» Problem statement: From the first record to the last, write out each one exactly.

____ Data records

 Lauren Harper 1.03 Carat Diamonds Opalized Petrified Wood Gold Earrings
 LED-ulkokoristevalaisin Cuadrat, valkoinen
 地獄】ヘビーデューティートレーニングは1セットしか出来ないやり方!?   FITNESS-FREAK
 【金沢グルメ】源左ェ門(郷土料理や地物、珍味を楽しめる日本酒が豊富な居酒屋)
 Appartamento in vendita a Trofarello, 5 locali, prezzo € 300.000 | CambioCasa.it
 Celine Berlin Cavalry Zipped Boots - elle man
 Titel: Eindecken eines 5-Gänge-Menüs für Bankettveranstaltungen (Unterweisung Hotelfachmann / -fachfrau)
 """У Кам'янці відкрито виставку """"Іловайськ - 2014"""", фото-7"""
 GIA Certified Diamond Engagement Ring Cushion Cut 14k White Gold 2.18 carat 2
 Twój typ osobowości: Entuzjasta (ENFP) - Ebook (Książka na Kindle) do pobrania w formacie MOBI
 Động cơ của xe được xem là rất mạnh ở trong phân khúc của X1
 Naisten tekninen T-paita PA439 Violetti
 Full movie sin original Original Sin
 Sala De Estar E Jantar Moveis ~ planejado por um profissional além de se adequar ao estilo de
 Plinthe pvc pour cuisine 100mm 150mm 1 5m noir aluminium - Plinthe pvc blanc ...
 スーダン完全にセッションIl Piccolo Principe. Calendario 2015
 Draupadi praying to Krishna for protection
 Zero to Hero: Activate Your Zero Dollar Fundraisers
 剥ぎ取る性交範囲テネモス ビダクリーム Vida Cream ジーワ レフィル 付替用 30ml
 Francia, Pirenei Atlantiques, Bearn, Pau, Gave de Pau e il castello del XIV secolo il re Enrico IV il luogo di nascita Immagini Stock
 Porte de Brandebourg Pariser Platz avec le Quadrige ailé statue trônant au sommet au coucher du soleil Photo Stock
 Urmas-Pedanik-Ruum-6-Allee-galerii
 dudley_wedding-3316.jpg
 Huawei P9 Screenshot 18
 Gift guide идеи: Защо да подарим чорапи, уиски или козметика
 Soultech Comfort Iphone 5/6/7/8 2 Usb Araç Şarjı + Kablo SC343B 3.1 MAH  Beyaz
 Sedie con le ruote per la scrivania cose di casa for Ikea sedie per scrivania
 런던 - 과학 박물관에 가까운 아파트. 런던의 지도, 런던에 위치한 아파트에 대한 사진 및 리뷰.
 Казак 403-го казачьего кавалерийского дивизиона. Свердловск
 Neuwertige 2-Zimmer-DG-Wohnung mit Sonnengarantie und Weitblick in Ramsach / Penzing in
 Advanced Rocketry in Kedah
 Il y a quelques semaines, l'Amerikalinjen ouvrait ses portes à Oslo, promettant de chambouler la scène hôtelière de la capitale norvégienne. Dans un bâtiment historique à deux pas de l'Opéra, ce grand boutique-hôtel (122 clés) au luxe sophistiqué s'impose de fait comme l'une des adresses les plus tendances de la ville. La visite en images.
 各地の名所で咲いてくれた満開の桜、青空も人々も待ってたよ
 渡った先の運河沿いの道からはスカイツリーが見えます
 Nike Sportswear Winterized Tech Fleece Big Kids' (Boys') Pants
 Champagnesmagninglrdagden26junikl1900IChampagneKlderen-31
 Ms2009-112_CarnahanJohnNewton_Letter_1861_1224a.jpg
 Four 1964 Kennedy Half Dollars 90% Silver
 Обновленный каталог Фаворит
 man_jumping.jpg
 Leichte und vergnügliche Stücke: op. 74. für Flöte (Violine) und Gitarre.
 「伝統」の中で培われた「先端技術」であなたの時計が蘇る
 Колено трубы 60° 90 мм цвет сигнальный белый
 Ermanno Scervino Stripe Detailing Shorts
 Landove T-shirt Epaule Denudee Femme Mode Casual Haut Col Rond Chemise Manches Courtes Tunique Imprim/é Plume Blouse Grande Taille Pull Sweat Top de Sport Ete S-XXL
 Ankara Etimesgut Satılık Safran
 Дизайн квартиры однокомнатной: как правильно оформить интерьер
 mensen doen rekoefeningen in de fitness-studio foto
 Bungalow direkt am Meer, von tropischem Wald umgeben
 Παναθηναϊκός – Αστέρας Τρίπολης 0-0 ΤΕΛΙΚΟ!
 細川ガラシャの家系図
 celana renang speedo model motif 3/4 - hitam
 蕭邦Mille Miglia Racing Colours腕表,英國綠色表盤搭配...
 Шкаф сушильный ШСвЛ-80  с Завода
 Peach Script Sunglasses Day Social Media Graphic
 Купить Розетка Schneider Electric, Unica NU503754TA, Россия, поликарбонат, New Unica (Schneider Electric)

________

» Response for this exercise:
 Lauren Harper 1.03 Carat Diamonds Opalized Petrified Wood Gold Earrings
 LED-ulkokoristevalaisin Cuadrat, valkoinen
 地獄】ヘビーデューティートレーニングは1セットしか出来ないやり方!?   FITNESS-FREAK
 【金沢グルメ】源左ェ門(郷土料理や地物、珍味を楽しめる日本酒が豊富な居酒屋)
 Appartamento in vendita a Trofarello, 5 locali, prezzo € 300.000 | CambioCasa.it
 Celine Berlin Cavalry Zipped Boots - elle man
 Titel: Eindecken eines 5-Gänge-Menüs für Bankettveranstaltungen (Unterweisung Hotelfachmann / -fachfrau)
 """У Кам'янці відкрито виставку """"Іловайськ - 2014"""", фото-7"""
 GIA Certified Diamond Engagement Ring Cushion Cut 14k White Gold 2.18 carat 2
 Twój typ osobowości: Entuzjasta (ENFP) - Ebook (Książka na Kindle) do pobrania w formacie MOBI
 Động cơ của xe được xem là rất mạnh ở trong phân khúc của X1
 Naisten tekninen T-paita PA439 Violetti
 Full movie sin original Original Sin
 Sala De Estar E Jantar Moveis ~ planejado por um profissional além de se adequar ao estilo de
 Plinthe pvc pour cuisine 100mm 150mm 1 5m noir aluminium - Plinthe pvc blanc ...
 スーダン完全にセッションIl Piccolo Principe. Calendario 2015
 Draupadi praying to Krishna for protection
 Zero to Hero: Activate Your Zero Dollar Fundraisers
 剥ぎ取る性交範囲テネモス ビダクリーム Vida Cream ジーワ レフィル 付替用 30ml
 Francia, Pirenei Atlantiques, Bearn, Pau, Gave de Pau e il castello del XIV secolo il re Enrico IV il luogo di nascita Immagini Stock
 Porte de Brandebourg Pariser Platz avec le Quadrige ailé statue trônant au sommet au coucher du soleil Photo Stock
 Urmas-Pedanik-Ruum-6-Allee-galerii
 dudley_wedding-3316.jpg
 Huawei P9 Screenshot 18
 Gift guide идеи: Защо да подарим чорапи, уиски или козметика
 Soultech Comfort Iphone 5/6/7/8 2 Usb Araç Şarjı + Kablo SC343B 3.1 MAH  Beyaz
 Sedie con le ruote per la scrivania cose di casa for Ikea sedie per scrivania
 런던 - 과학 박물관에 가까운 아파트. 런던의 지도, 런던에 위치한 아파트에 대한 사진 및 리뷰.
 Казак 403-го казачьего кавалерийского дивизиона. Свердловск
 Neuwertige 2-Zimmer-DG-Wohnung mit Sonnengarantie und Weitblick in Ramsach / Penzing in
 Advanced Rocketry in Kedah
 Il y a quelques semaines, l'Amerikalinjen ouvrait ses portes à Oslo, promettant de chambouler la scène hôtelière de la capitale norvégienne. Dans un bâtiment historique à deux pas de l'Opéra, ce grand boutique-hôtel (122 clés) au luxe sophistiqué s'impose de fait comme l'une des adresses les plus tendances de la ville. La visite en images.
 各地の名所で咲いてくれた満開の桜、青空も人々も待ってたよ
 渡った先の運河沿いの道からはスカイツリーが見えます
 Nike Sportswear Winterized Tech Fleece Big Kids' (Boys') Pants
 Champagnesmagninglrdagden26junikl1900IChampagneKlderen-31
 Ms2009-112_CarnahanJohnNewton_Letter_1861_1224a.jpg
 Four 1964 Kennedy Half Dollars 90% Silver
 Обновленный каталог Фаворит
 man_jumping.jpg
 Leichte und vergnügliche Stücke: op. 74. für Flöte (Violine) und Gitarre.
 「伝統」の中で培われた「先端技術」であなたの時計が蘇る
 Колено трубы 60° 90 мм цвет сигнальный белый
 Ermanno Scervino Stripe Detailing Shorts
 Landove T-shirt Epaule Denudee Femme Mode Casual Haut Col Rond Chemise Manches Courtes Tunique Imprim/é Plume Blouse Grande Taille Pull Sweat Top de Sport Ete S-XXL
 Ankara Etimesgut Satılık Safran
 Дизайн квартиры однокомнатной: как правильно оформить интерьер
 mensen doen rekoefeningen in de fitness-studio foto
 Bungalow direkt am Meer, von tropischem Wald umgeben
 Παναθηναϊκός – Αστέρας Τρίπολης 0-0 ΤΕΛΙΚΟ!
 細川ガラシャの家系図
 celana renang speedo model motif 3/4 - hitam
 蕭邦Mille Miglia Racing Colours腕表,英國綠色表盤搭配...
 Шкаф сушильный ШСвЛ-80  с Завода
 Peach Script Sunglasses Day Social Media Graphic
 Купить Розетка Schneider Electric, Unica NU503754TA, Россия, поликарбонат, New Unica (Schneider Electric)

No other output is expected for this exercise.